Introduction

In the previous post we learned to handle errors gracefully. Now let us talk about something that will save you enormous amounts of time: Python’s standard library.

The standard library is the collection of modules that ships with every Python installation. It covers file system operations, dates and times, data serialisation, mathematics, networking, testing, compression, and much more. The first instinct of many beginners — and honestly of many experienced developers — is to reach for a third-party package. Often the right answer is already in the box.

The Python community has a saying: batteries included. This post is about finding the batteries.

Modules and import

Before exploring specific modules, a quick note on how to use them.
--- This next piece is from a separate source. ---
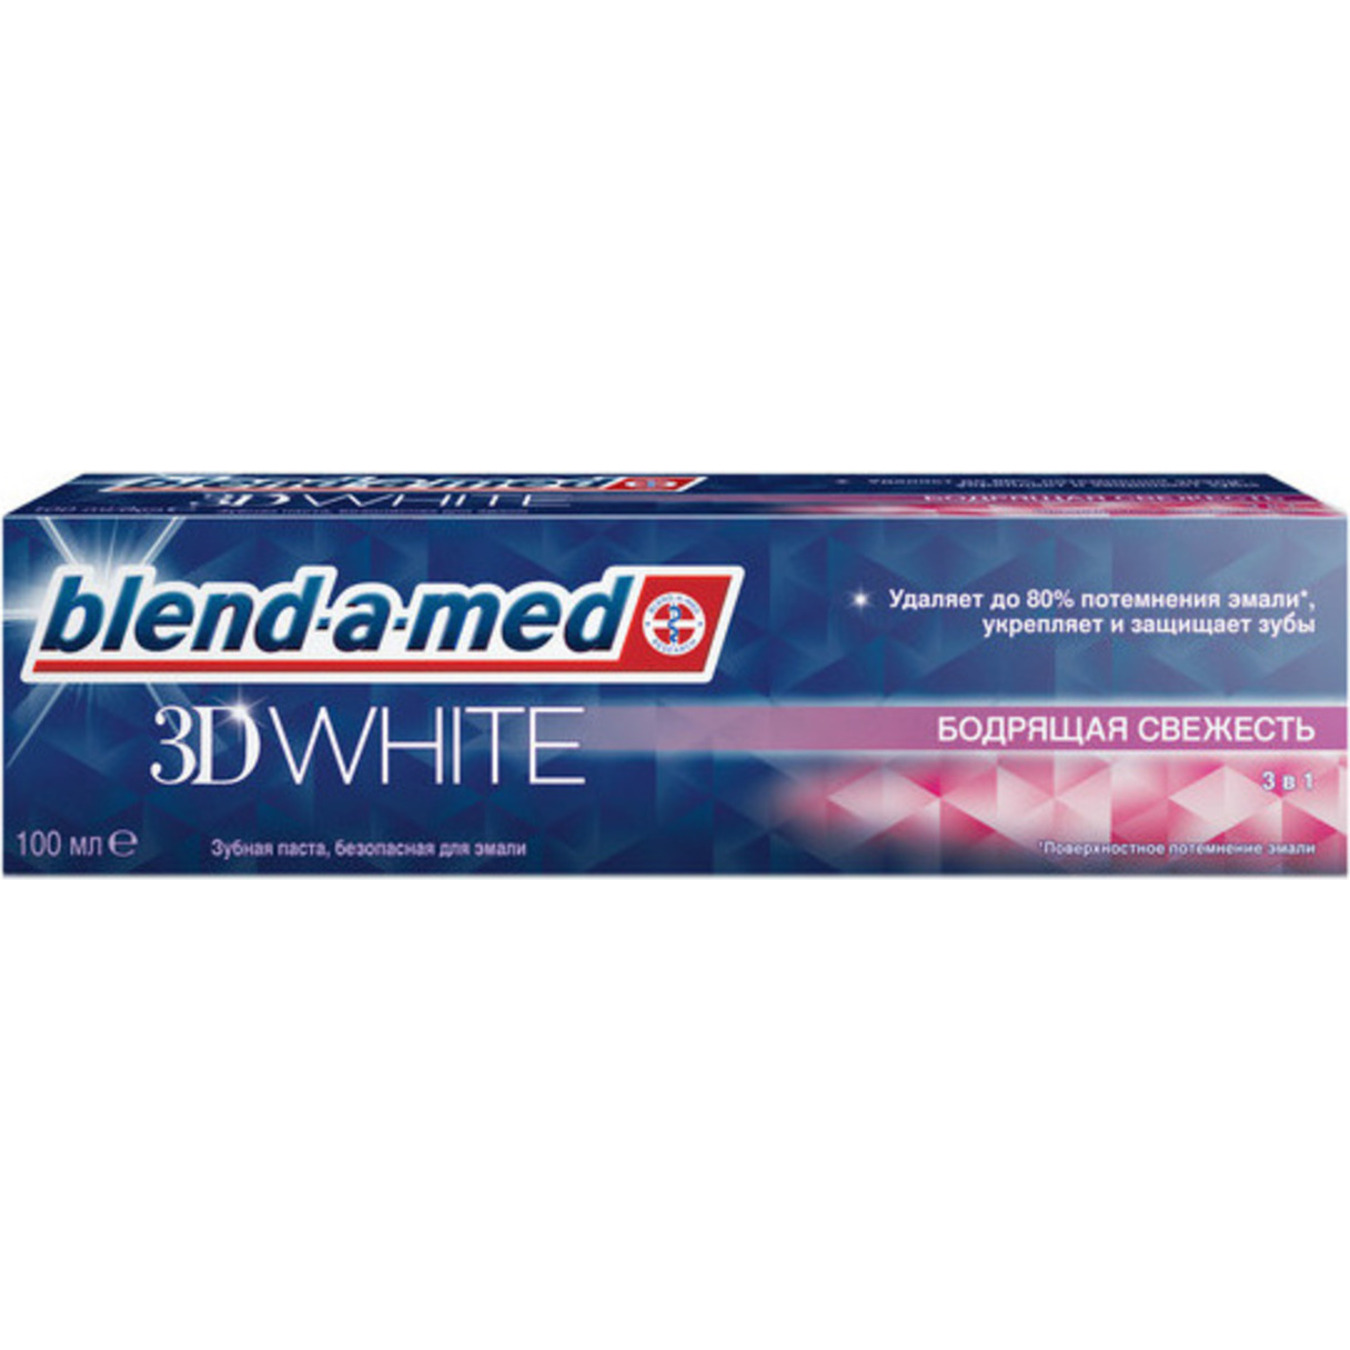 Blend-a-med 3D White Invigorating Freshness Toothpaste 100ml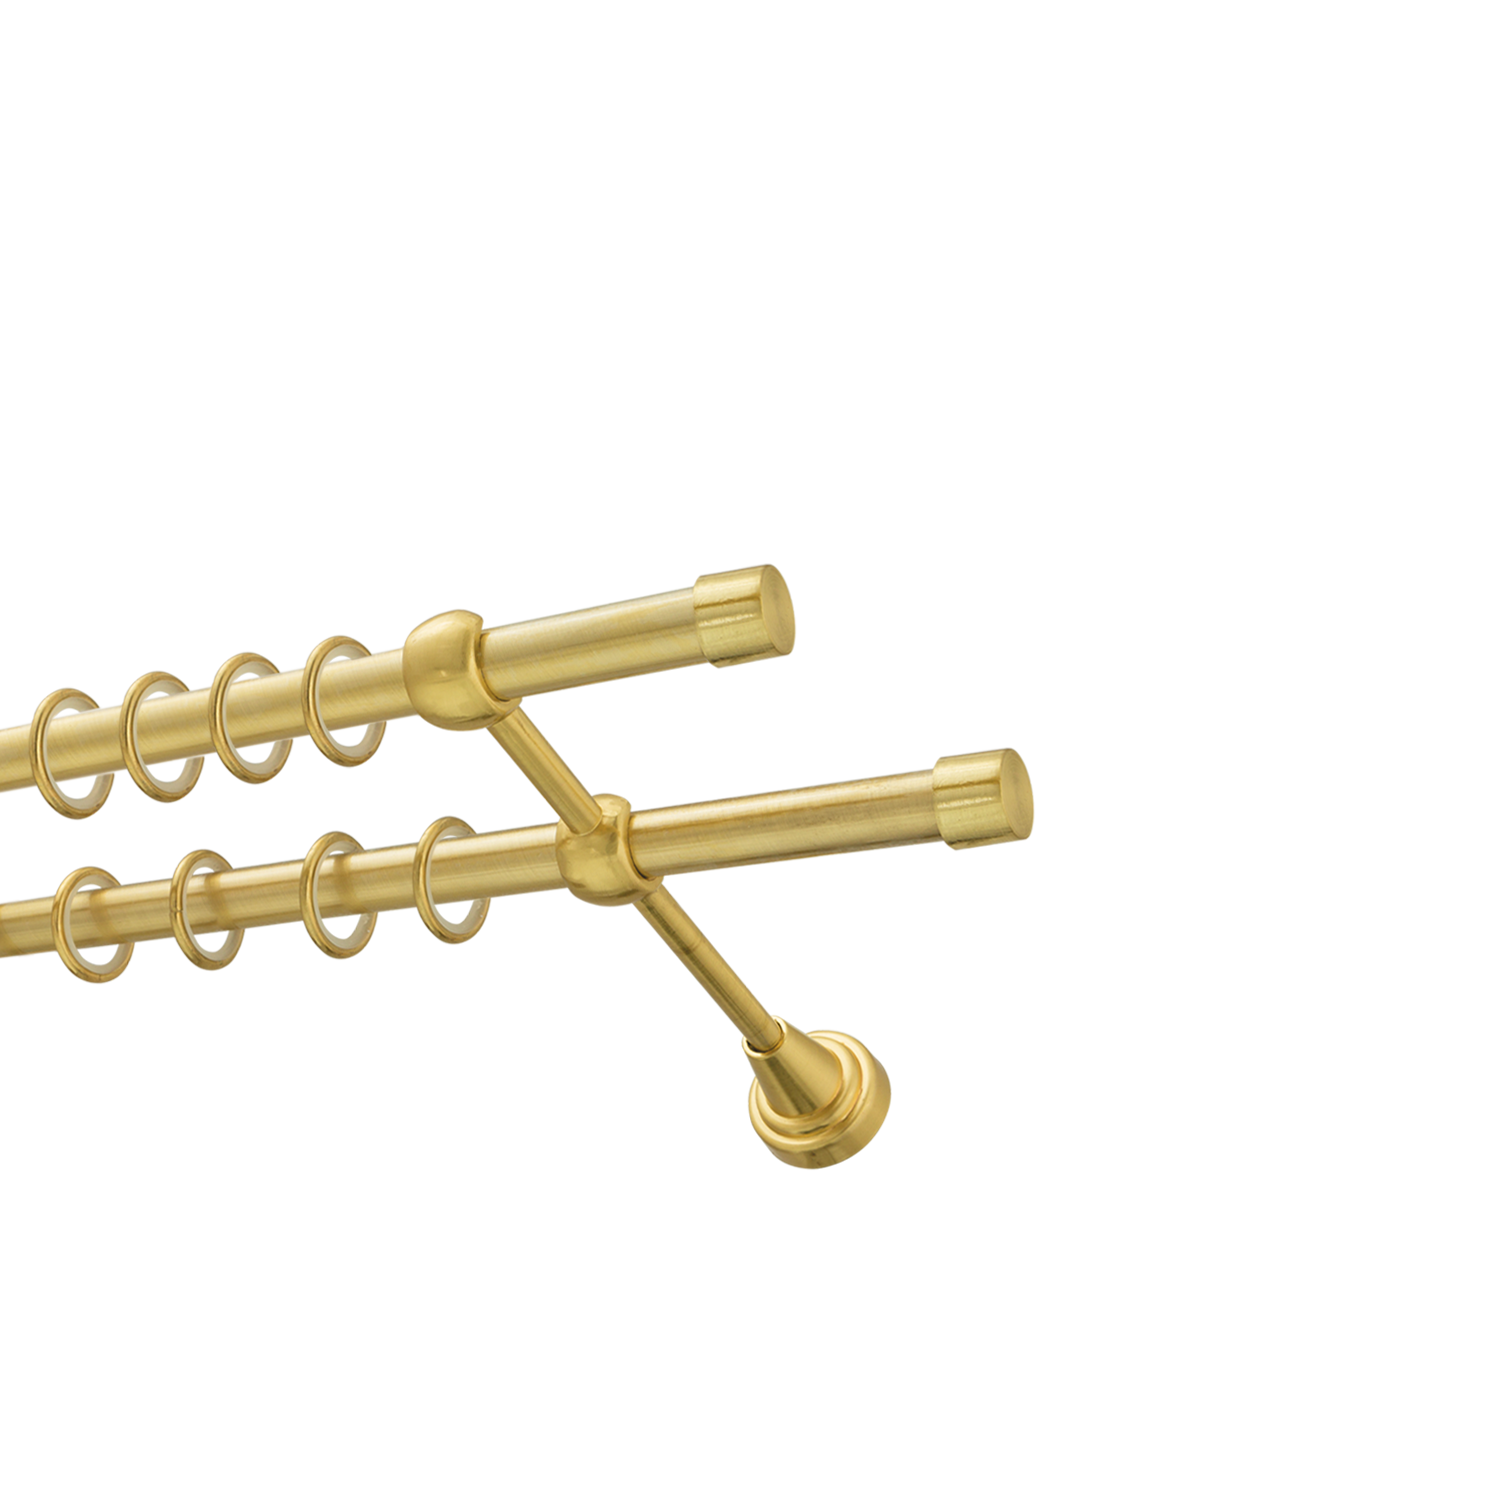 Металлический карниз для штор Заглушка, двухрядный 16/16 мм, золото, гладкая штанга, длина 240 см - фото Wikidecor.ru

A module is a Python file — or a package of files — that you bring into your script with import:

import math
print(math.sqrt(144))  # 12.0

If you only need one thing from a module, from x import y keeps the namespace cleaner:

from math import sqrt, pi
print(sqrt(144))  # 12.0
print(pi)         # 3.141592653589793

You can alias a module to a shorter name with as:

import datetime as dt
today = dt.date.today()

That is all there is to it. The rest is knowing which modules exist and what they do.

pathlib — File Paths Done Right

Before pathlib (Python 3.4+) people assembled file paths by concatenating strings — error-prone and not portable across operating systems. pathlib gives you a Path object that behaves like a path should:

from pathlib import Path

# Create a path — works on Windows, macOS, and Linux
data_dir = Path("/tmp/bird_data")
data_dir.mkdir(exist_ok=True)  # create directory if it does not exist

# Build paths with /
observations_file = data_dir / "observations.txt"
print(observations_file)        # /tmp/bird_data/observations.txt
print(observations_file.name)   # observations.txt
print(observations_file.suffix) # .txt
print(observations_file.parent) # /tmp/bird_data

# Write and read
observations_file.write_text("Eagle, Amsterdam, 2026-05-10\nPigeon, Den Haag, 2026-05-10\n")
content = observations_file.read_text()
print(content)

# Check existence
print(observations_file.exists())  # True

# List directory contents
for f in data_dir.iterdir():
    print(f)

/tmp/bird_data/observations.txt
observations.txt
.txt
/tmp/bird_data
Eagle, Amsterdam, 2026-05-10
Pigeon, Den Haag, 2026-05-10

True
/tmp/bird_data/observations.txt

pathlib also integrates beautifully with open(), json, and the error handling from the previous post. Whenever you are working with files, reach for Path first.

datetime — Dates and Times

Bird watching is nothing without timestamps. The datetime module handles dates, times, and the arithmetic between them:

from datetime import datetime, date, timedelta

# Today's date and current timestamp
today = date.today()
now = datetime.now()

print(f"Today: {today}")
print(f"Now:   {now.strftime('%Y-%m-%d %H:%M:%S')}")

# Date arithmetic
migration_start = date(2026, 3, 15)
migration_end   = date(2026, 5, 20)
duration = migration_end - migration_start
print(f"Migration lasted {duration.days} days.")

# A week from now
next_survey = today + timedelta(weeks=1)
print(f"Next survey: {next_survey}")

# Parsing a date string
observation_date = datetime.strptime("10/05/2026 08:30", "%d/%m/%Y %H:%M")
print(f"Observation: {observation_date.isoformat()}")

Today: 2026-05-10
Now:   2026-05-10 09:14:02
Migration lasted 66 days.
Next survey: 2026-05-17
Observation: 2026-05-10T08:30:00

strftime formats a datetime into a string; strptime parses a string back into a datetime. The format codes (%Y, %m, %d, and so on) follow the C standard — a bit cryptic at first but well documented and consistent.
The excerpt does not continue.